Пора расцвета телературы, интернеттекстов, шоупотоков, - это не хуже и не лучше Пастернака и Бродского, Мандельштама и Цветаевой, это просто д р у г о е и для д р у г и х.

А ты молча, втихаря строчишь, не выходя на люди, почти прячась, словно бы в полной мере сознаёшь, что есть в этом твоём занятии нечто недозволенное или несолидное, некое отклонение от нормы, что-то греховное. И надо бы бросить, да - - -

Как определить то, что вы сейчас изволите читать (коль ещё изволите)? Просто сколько-то слов о нас. О нас – это о ком?

Между имеющими абсолютный слух (поэтами) и вовсе лишёнными оного (графоманы чистой воды) народилось в эпоху поголовной малограмотности и разрослось необычайно племя обладающих полуслухом…Полупоэты? Или полуграфоманы? Недотянувшие. В общем, те самые ни то ни сё, ни рыба ни мясо.

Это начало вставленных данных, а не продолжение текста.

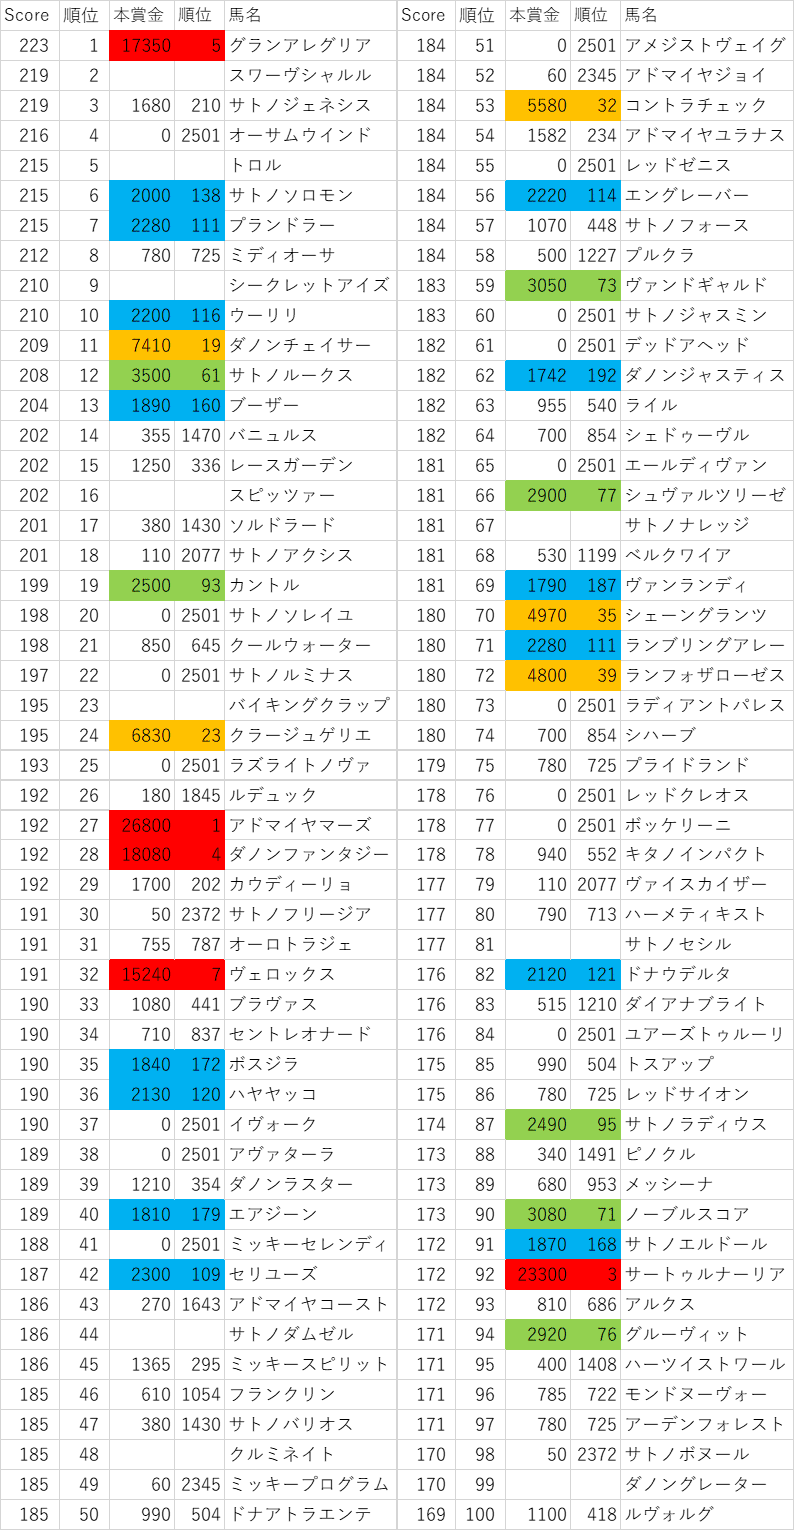 2016年産駒スコア1~100位
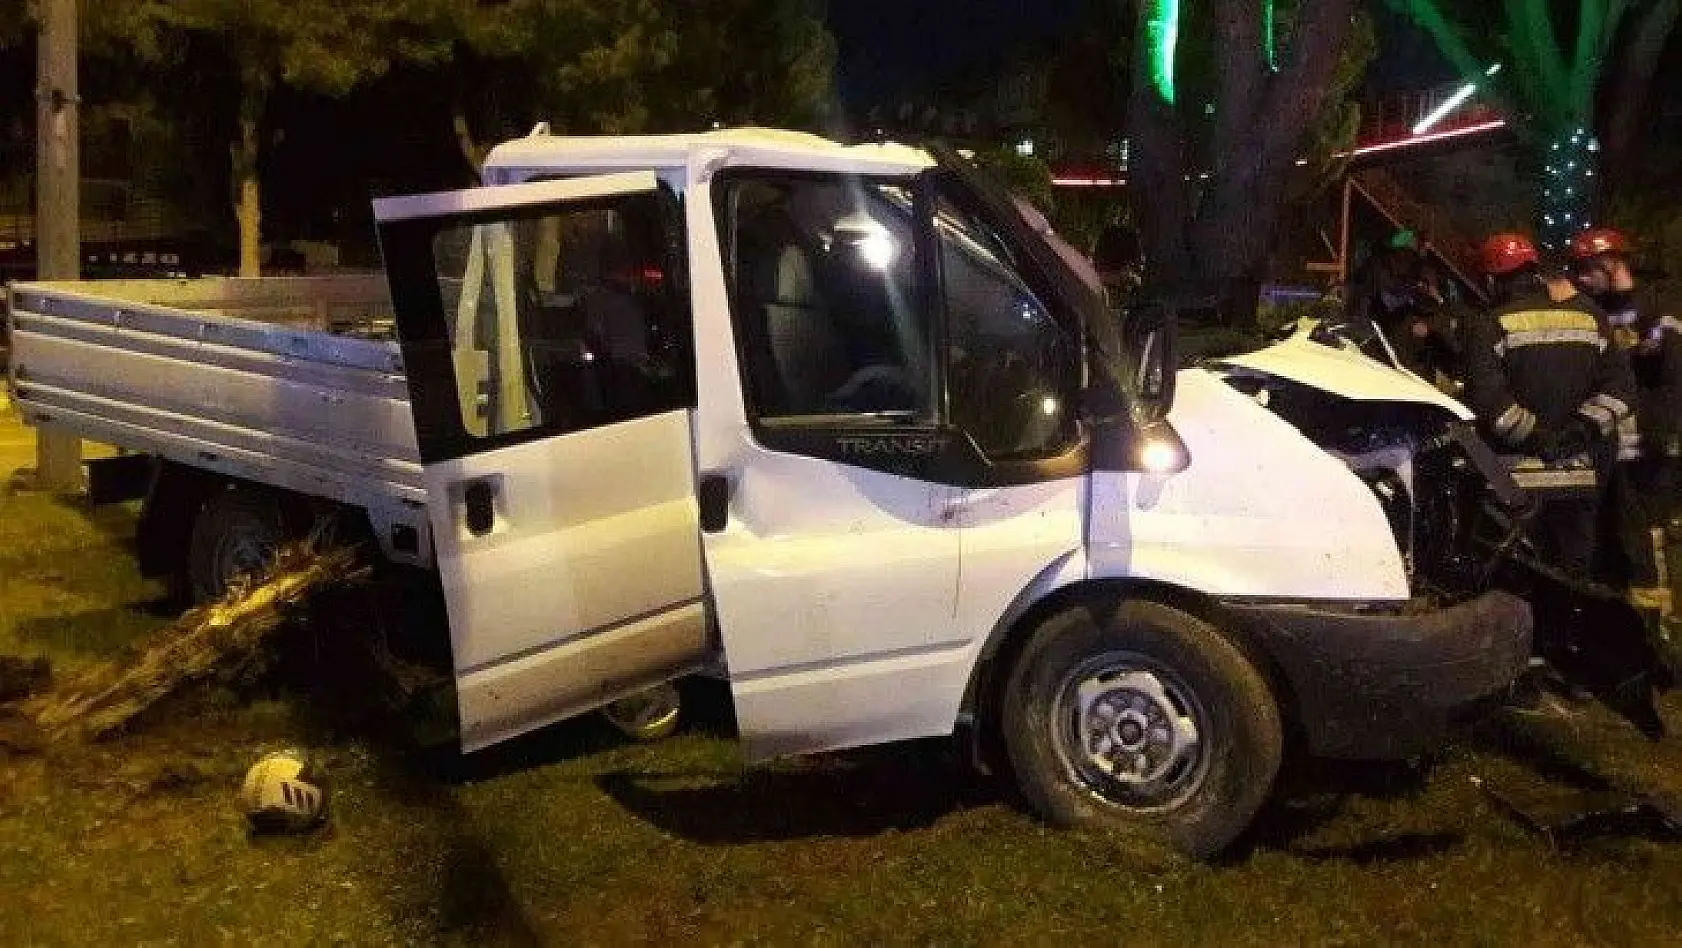 Manisa'da trafik kazası: 2 ölü
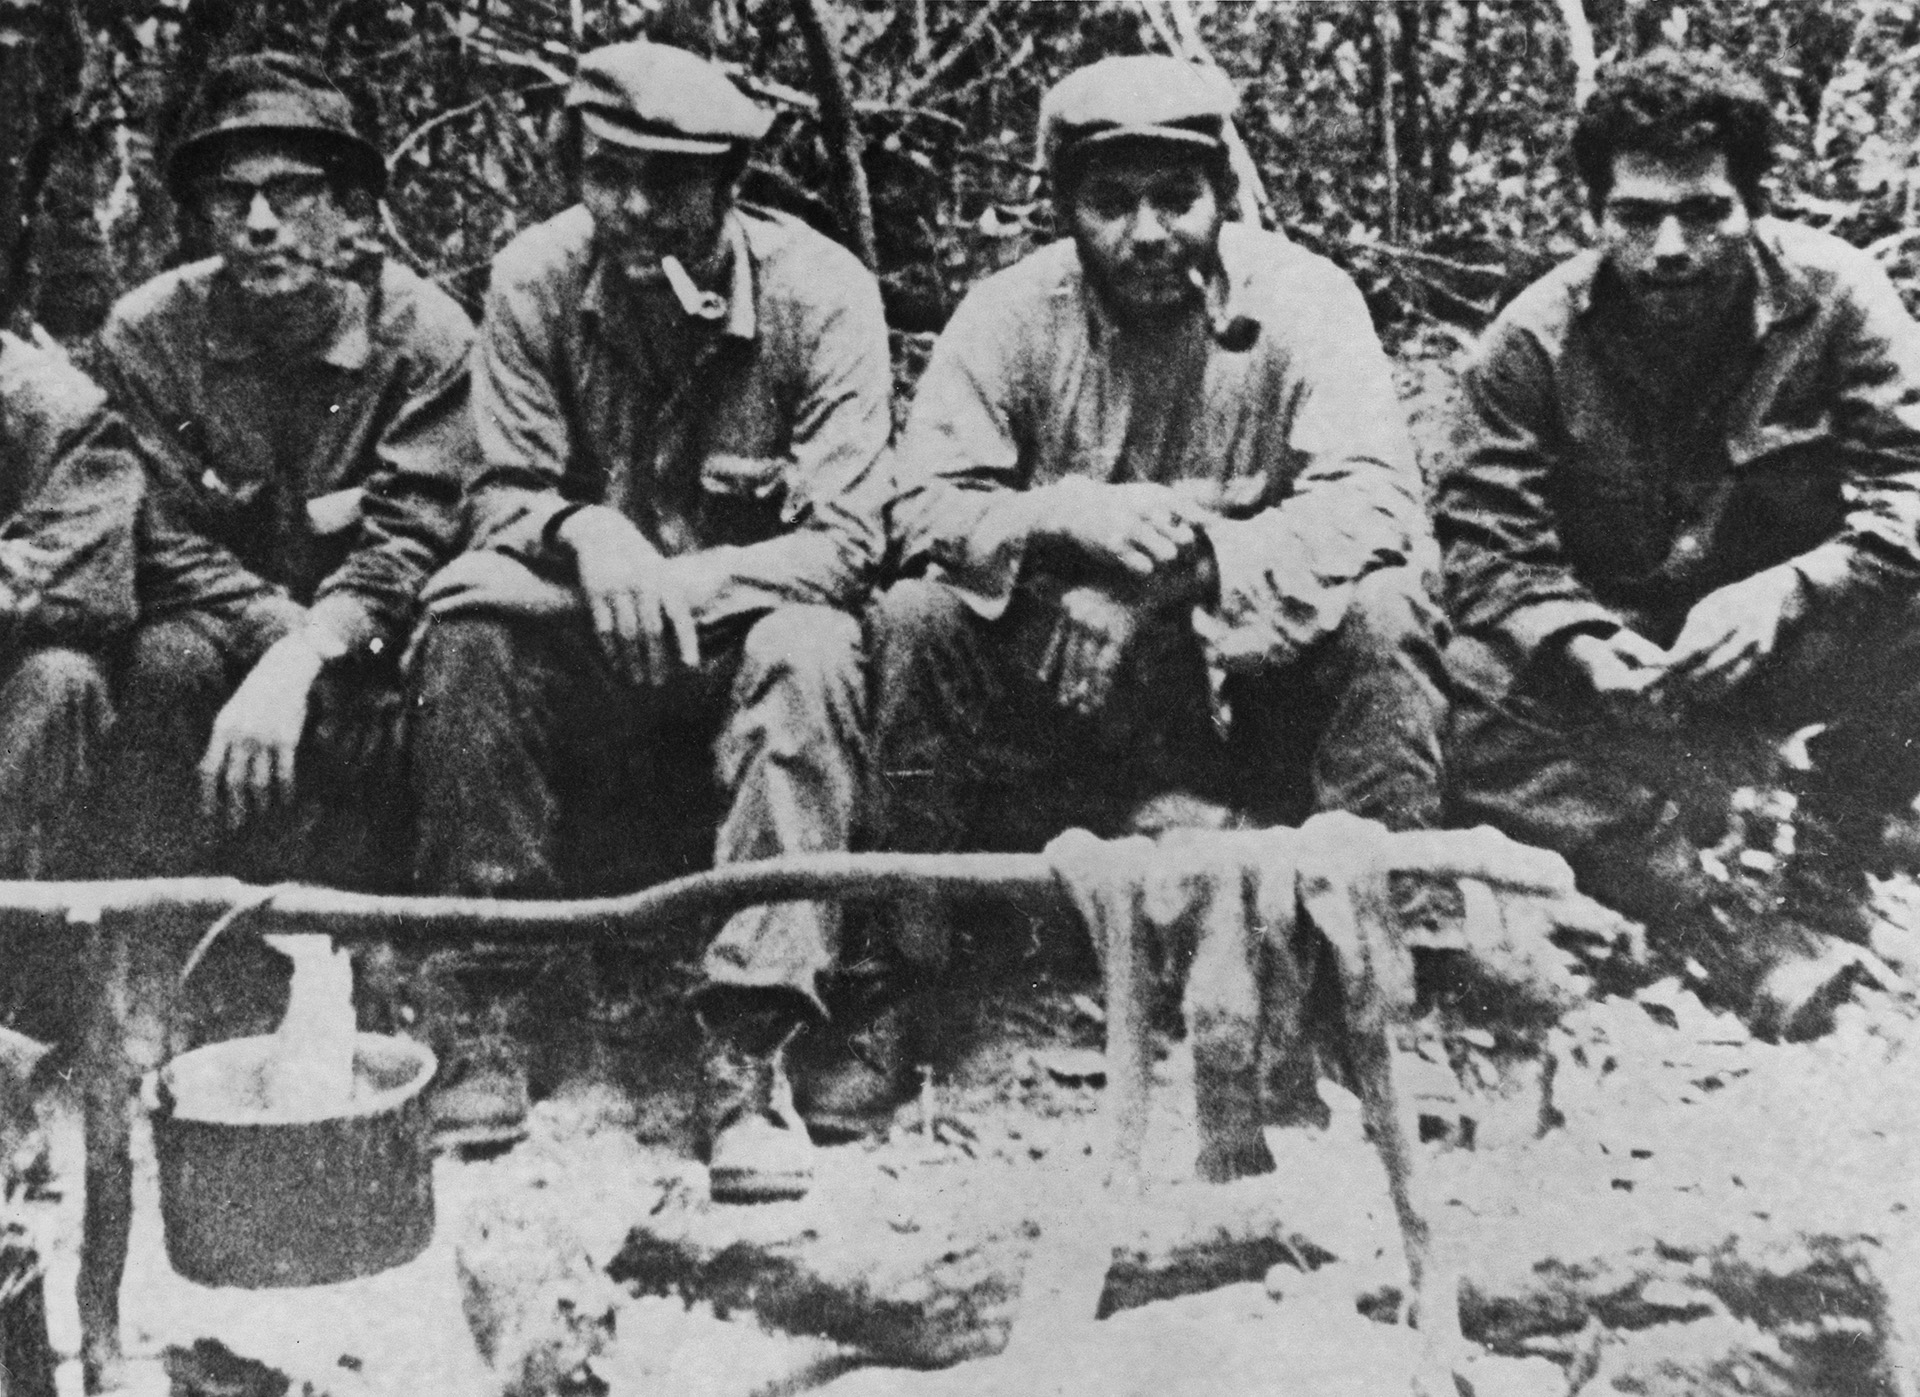 El guerrillero marxista argentino Che Guevara (segundo desde la izquierda) junto a compañeros del ELN (Ejército de Liberación Nacional de Bolivia) en el campamento de Nancahuazu, en la selva boliviana, 1967 (Foto de Hulton Archive/Getty Images)

Беда всех полуграфоманов (их много больше, чем поэтов, и много меньше, чем собственно графоманов) вот в чём: у них очень мало стихов от начала до конца самозародившихся, выросших из самих себя, - от таких стихов за версту пахнет естественностью и даже свободой. Большинство же наших текстов-проектов (пропорции у каждого свои, но не это главное) составлены, слеплены, выработаны и переработаны, жёваны-пережёваны…Поделки и самоделки.

Книжки должны быть как лес, как поле, как горы, даже как пустыня. Как город. А хотя бы и как космос…У нас же и книжки – барачно-поточный самострой, шанхайчики.

Заниматься литературой – гиблое дело. Заниматься стихотворством – вдвойне гиблое дело. Совсем другой коленкор – прикладная поэзия. Она переживает настоящий бум. Все эти рифмованные тосты, поздравления, некрологи, юмористические пакости, прокладки для песенной попсы…Поэтическая продукция данного рода на таком подъёме, какой вполне сравним с общественным ажиотажем вокруг «громкой» поэзии поры хрущёвской оттепели. Рассказы о сногсшибательных вечерах в Политехническом, о заполненных стадионах, о слизывании с прилавков многотысячных тиражей поэтических книжек воспринимаются как легенды. Как гомеровские напевы. А между тем живы свидетели и участники. Или они и сами уже не верят, что подобное было возможно.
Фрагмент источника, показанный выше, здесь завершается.